Interconnect scaling
Liebmann argued that interconnect scaling offered another challenge.
“At 14nm the wiring pitch is 64nm,” he said. “At 7nm the wiring pitch is 32nm. With 193nm illumination, we can do 40nm pitch, and double patterning will not get you to 32nm, so we will be looking at something else.”
He argued that EUV lithography will enable the industry to make 32nm, 1D gratings, which will demand very restrictive design rules.
Materials
What materials will have to be pressed into service to keep the industry moving to denser nodes?
Brand at Applied Materials argued that it is fairly clear that in terms of increasing the electrostatic coupling to, and control of the gate, the industry will have to gate-all-around structures. Beyond the silicon and germanium used in current processes, the industry may have to move to 3:5 materials, but as brand pointed out “lots of things have to be perfected [to use them] ,such as creating the gate dielectrics and doing the doping.”
Liebmann pointed out that as wiring moves to a 32nm pitch, the space for actual wiring material will be under pressure because of issue with scaling the lining materials necessary to stop the metallisation diffusing in to the bulk.
Brand said there were good ideas on the table to scale down the lining materials for a few more nodes.
He brought up another issue that needs addressing: at 32nm, the dimensions of the wiring are approaching that of the mean free path of electrons in copper, which increases their resistivity. This may mean that it will make sense to use tungsten, in which the electron mean free path is shorter than in copper, as the best conductor over short distances.

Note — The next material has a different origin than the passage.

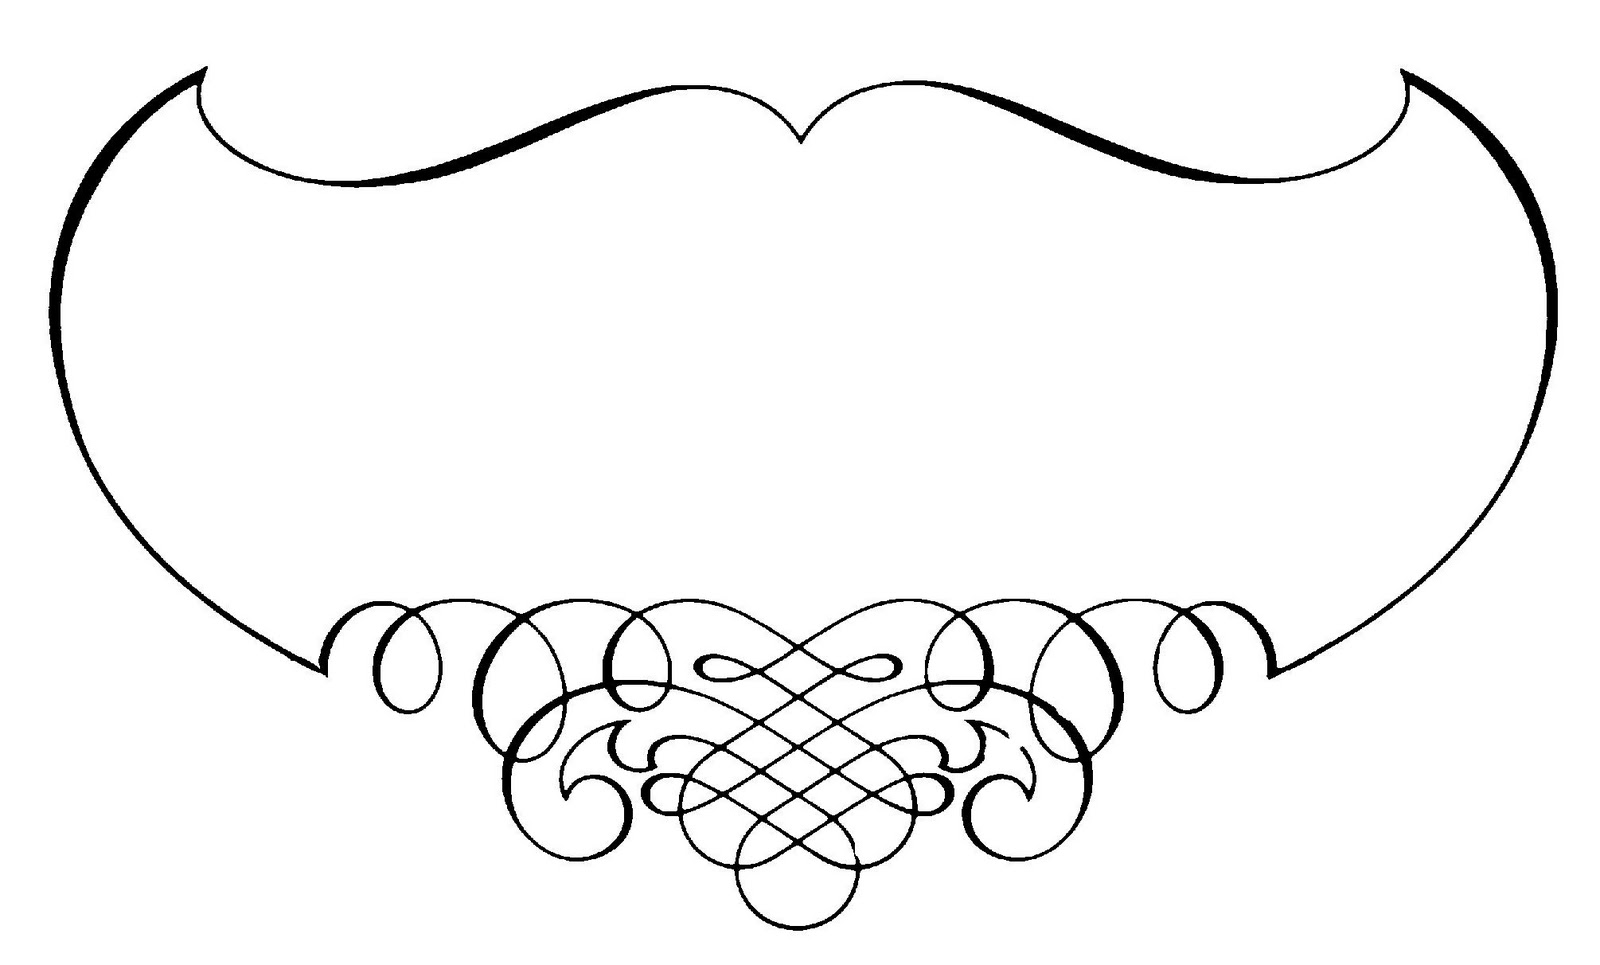 Free Free Elegant Borders Download Free Clip Art Free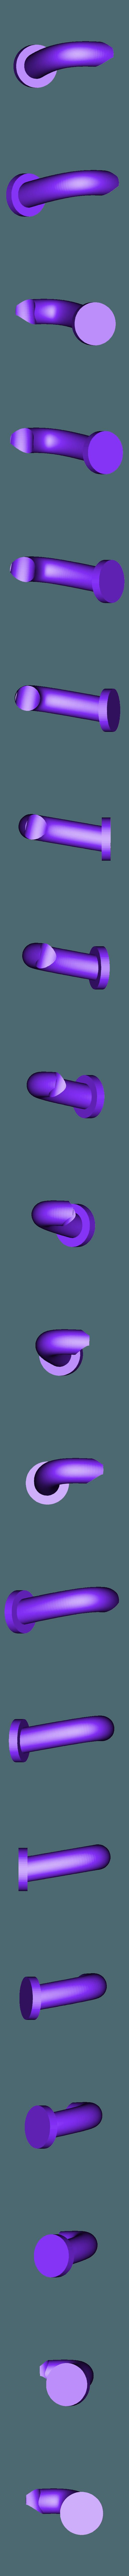 pipe-1.stl Download free STL file Steampunk Oculus Roboticus • 3D print design, cyrusharding

Arabi at Qualcomm said that there are good ideas for transistor scaling at 7nm and 5nm, such as moving to 3:5 materials, using silicon/germanium, and building nanowires, but “it’s really the interconnect that worries me and the power density.”
Asked about the potential of grapheme, he said that as a designer, he needed both mobility and a band gap. To achieve this would mean doping the grapheme, which might in turn undermine its advantages as a conductor.
The economics
Moore’s Law may continue to scale, in one way or another, for a number of nodes yet. The question is, who will be able to afford to use the resultant processes.
Banna at GlobalFoundries said that a new fab costs $6bn, and so “when you build such a fancy fab you want to ensure customers are asking for high-end products. If I don’t recover the costs, there’s no business.”
Arabi at Qualcomm said that as a fabless company, “going to a new node from the design point of view costs one to two billion dollars, trending towards the higher side of that.”
Brand at Applied Materials said his company spent $1bn on R&D for each new node.
How can this be sustained? Arabi at Qualcomm said that the 28nm node is “the node before the cliff, a technology that is there to stay for a long time,” which will give a lot of opportunity to get the cost out of it.
“From this point forward it will be a segregated market, especially with markets like the Internet of things which could drive huge volumes,” he added.
Banna at GlobalFoundries argued that “the Internet of things can give enough margin to foundries running on depreciated fabs to support advanced node development.”